[Available data Boundary: Start]

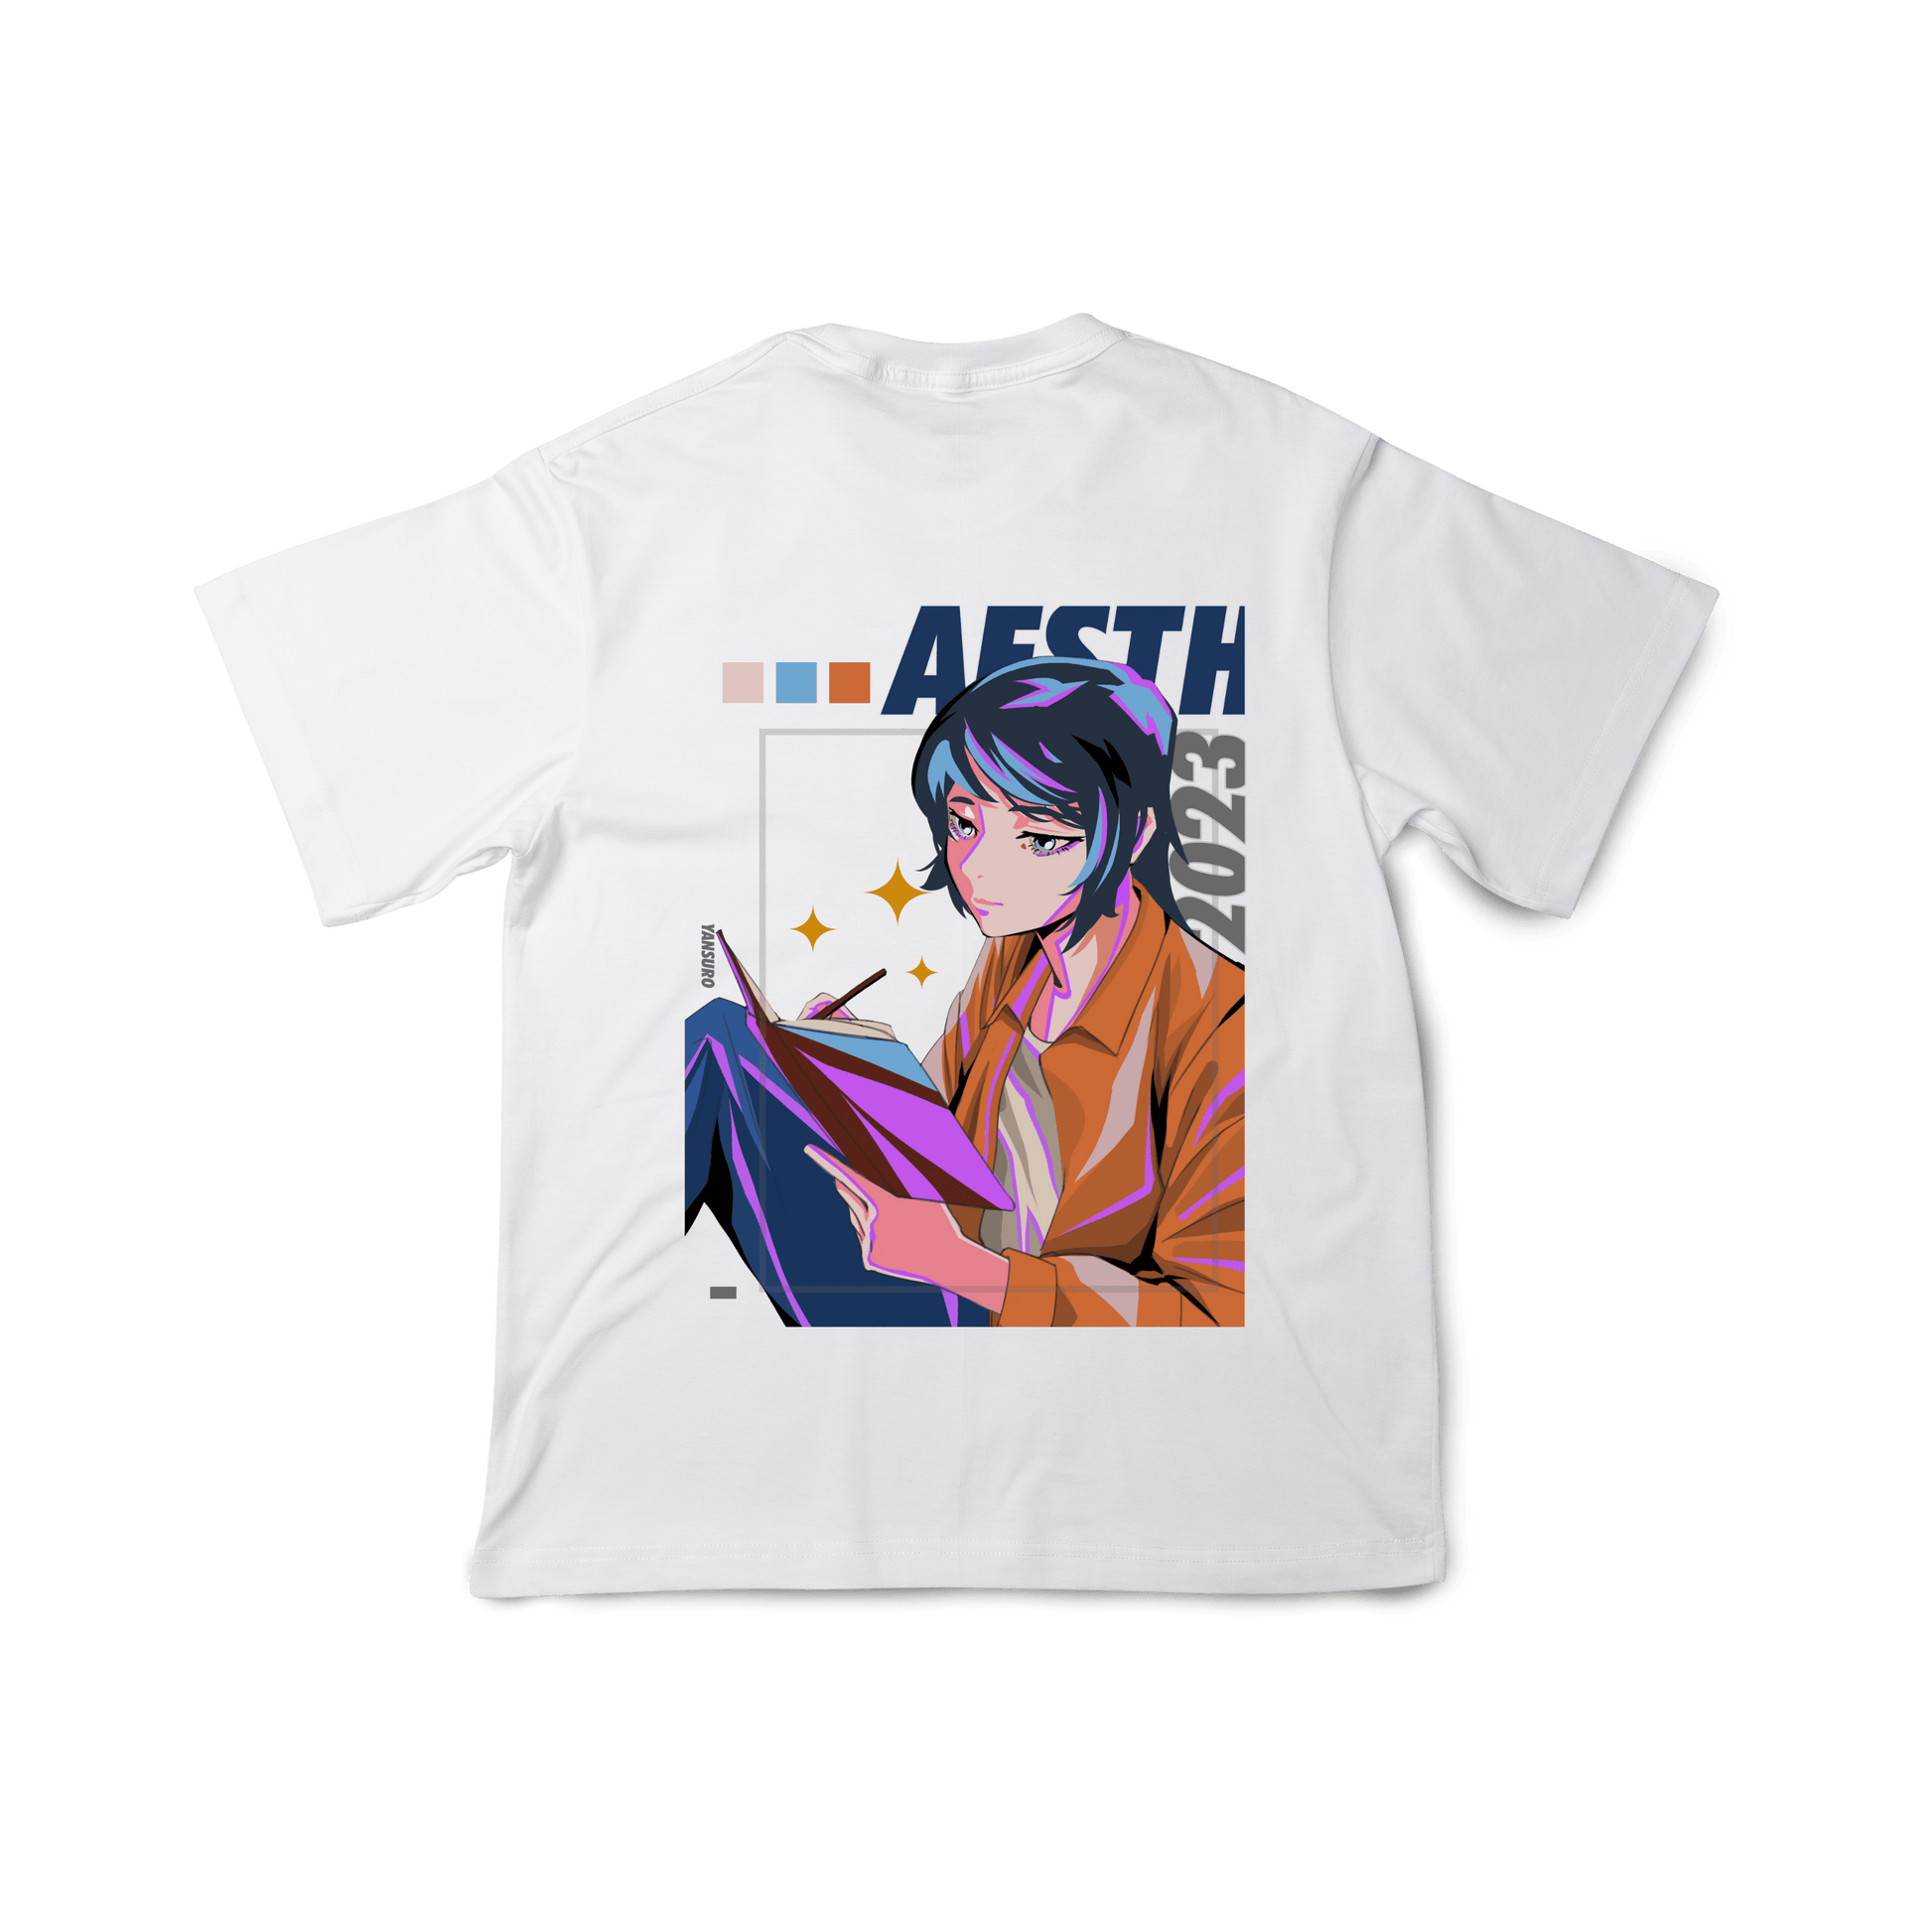 Passion Artist Tee - aesthclothing
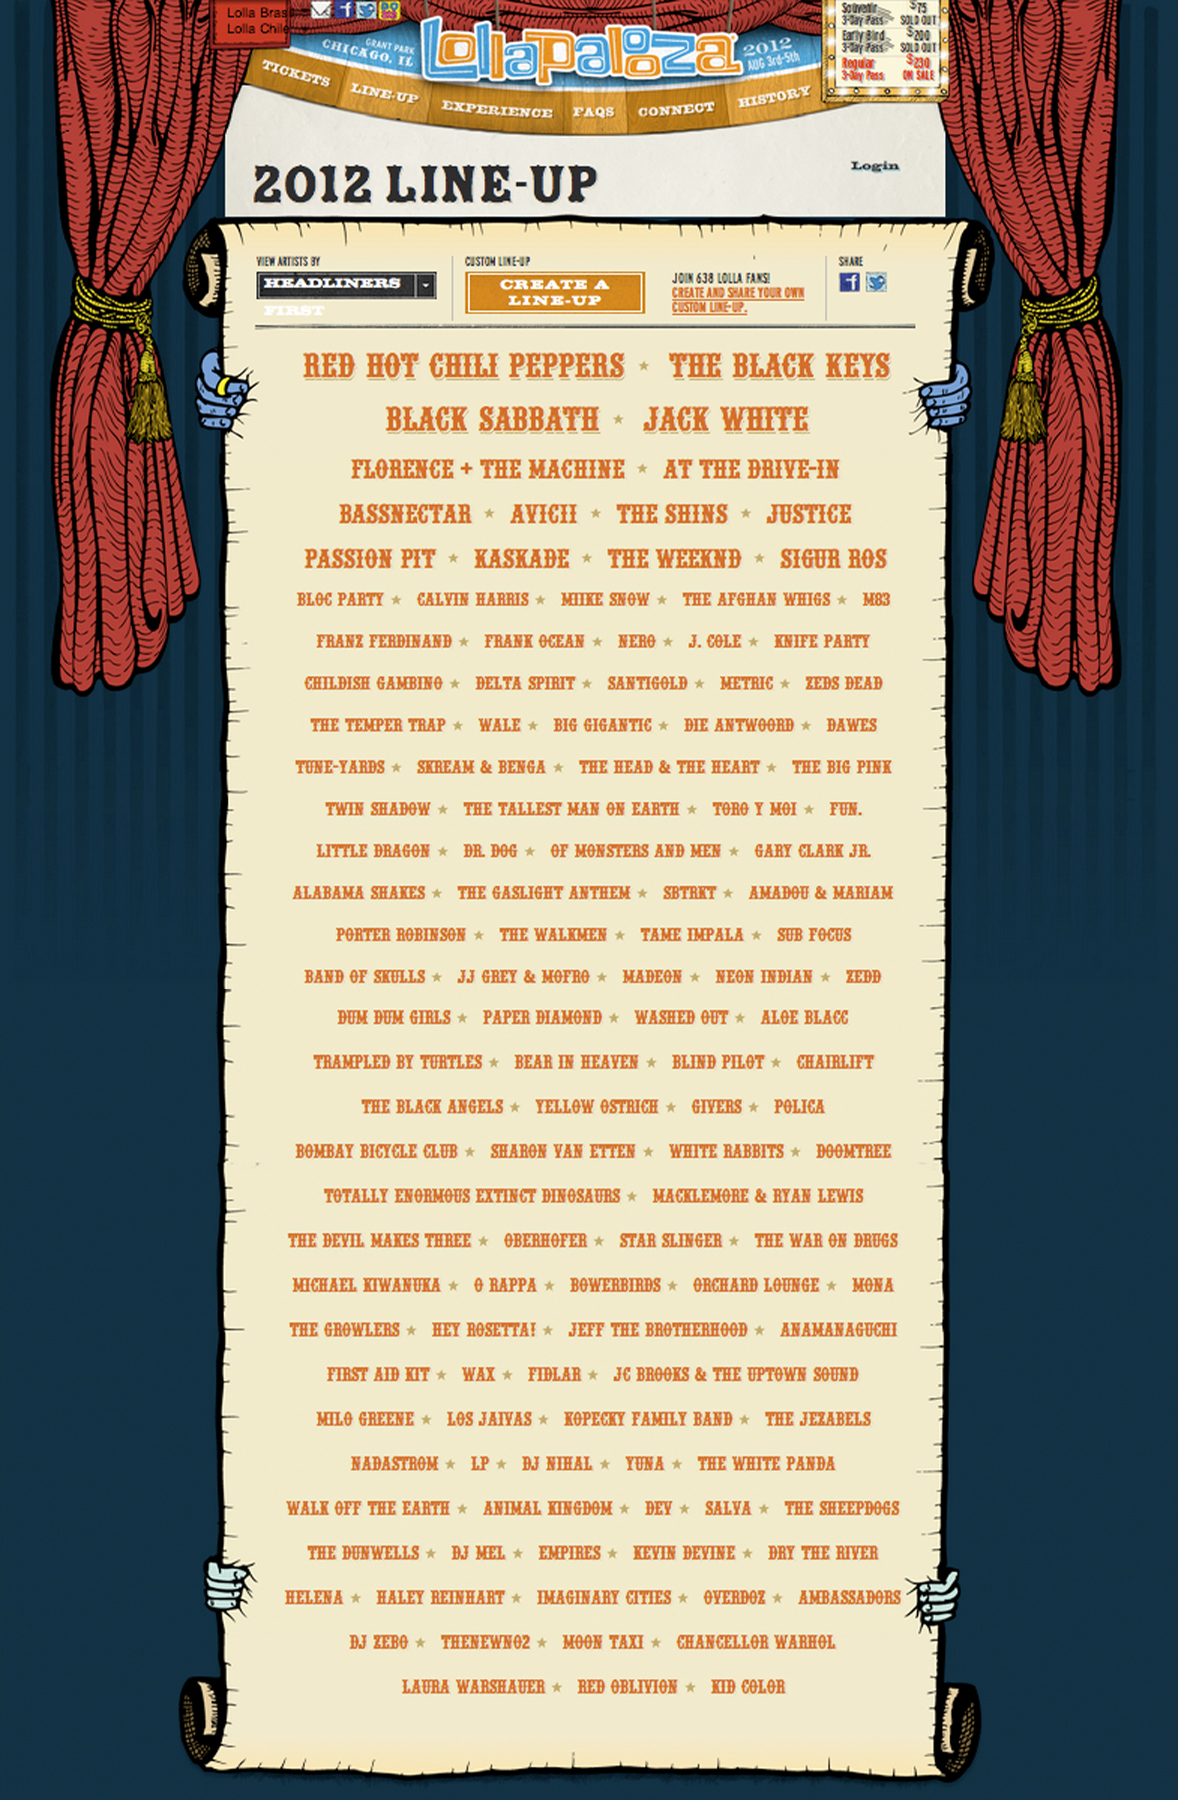 Lollapalooza 2012 Lineup released
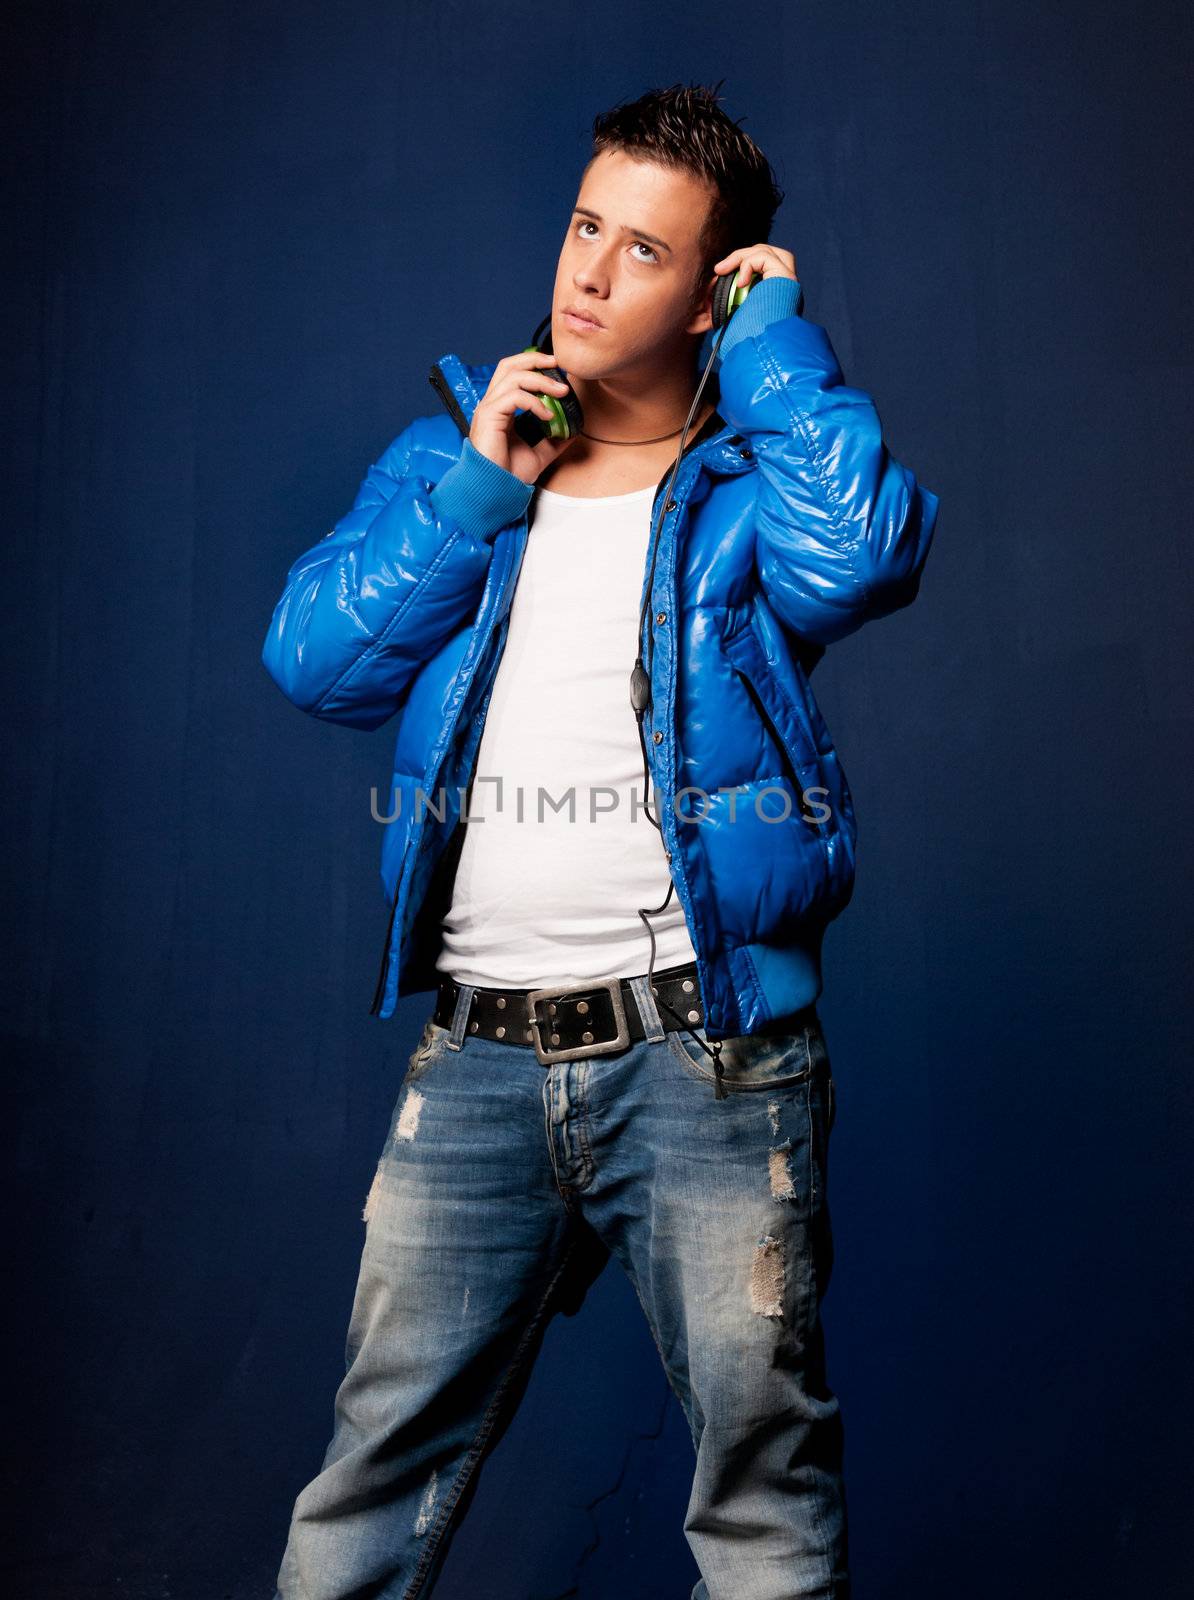 Young man listening music with headphones standing on blue ligh background
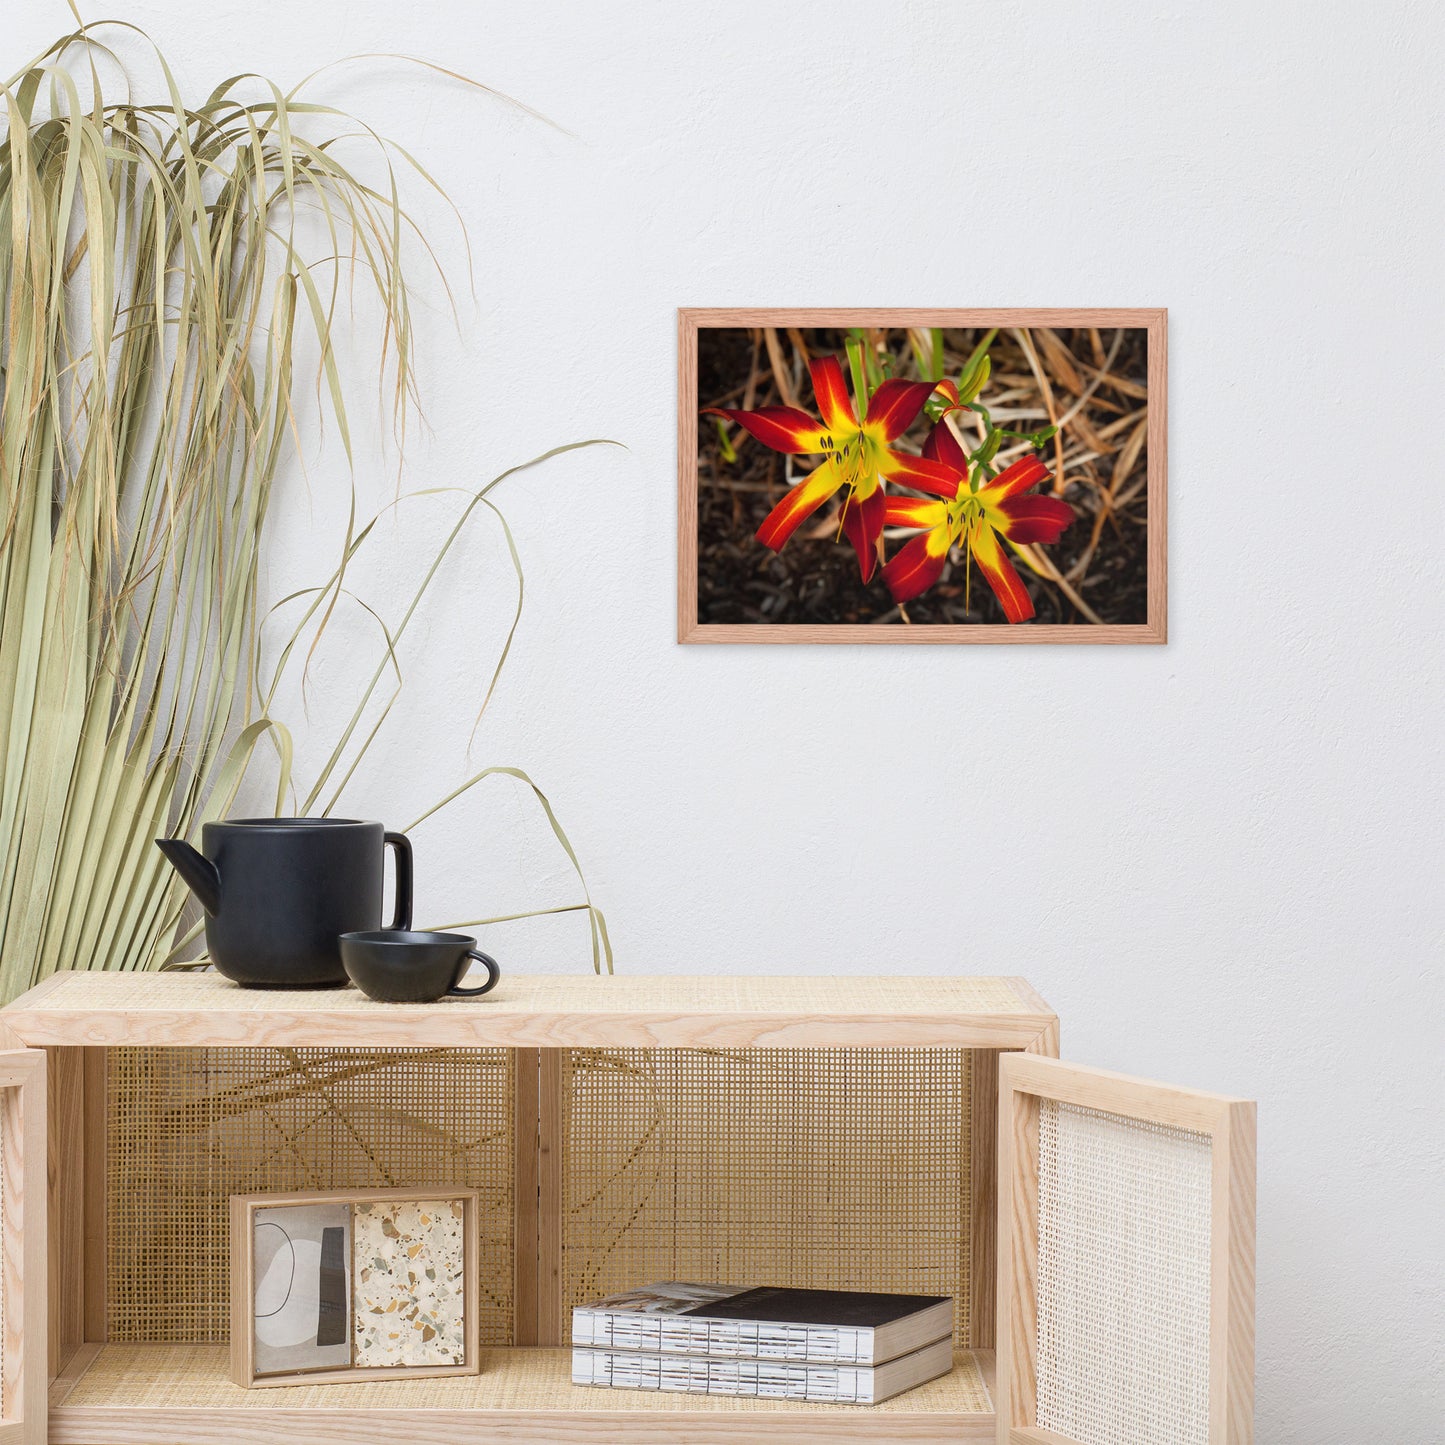 Royal Sunset Lily Floral Nature Photo Framed Wall Art Print

[Available data Boundary: End]

### Required work
Only the pictures are to be left out; repeat all other material exactly.

### Result of the exercise
 Passion Artist Tee - aesthclothing
 Lollapalooza 2012 Lineup released
 Young man listening music with headphones standing on blue ligh background
 Royal Sunset Lily Floral Nature Photo Framed Wall Art Print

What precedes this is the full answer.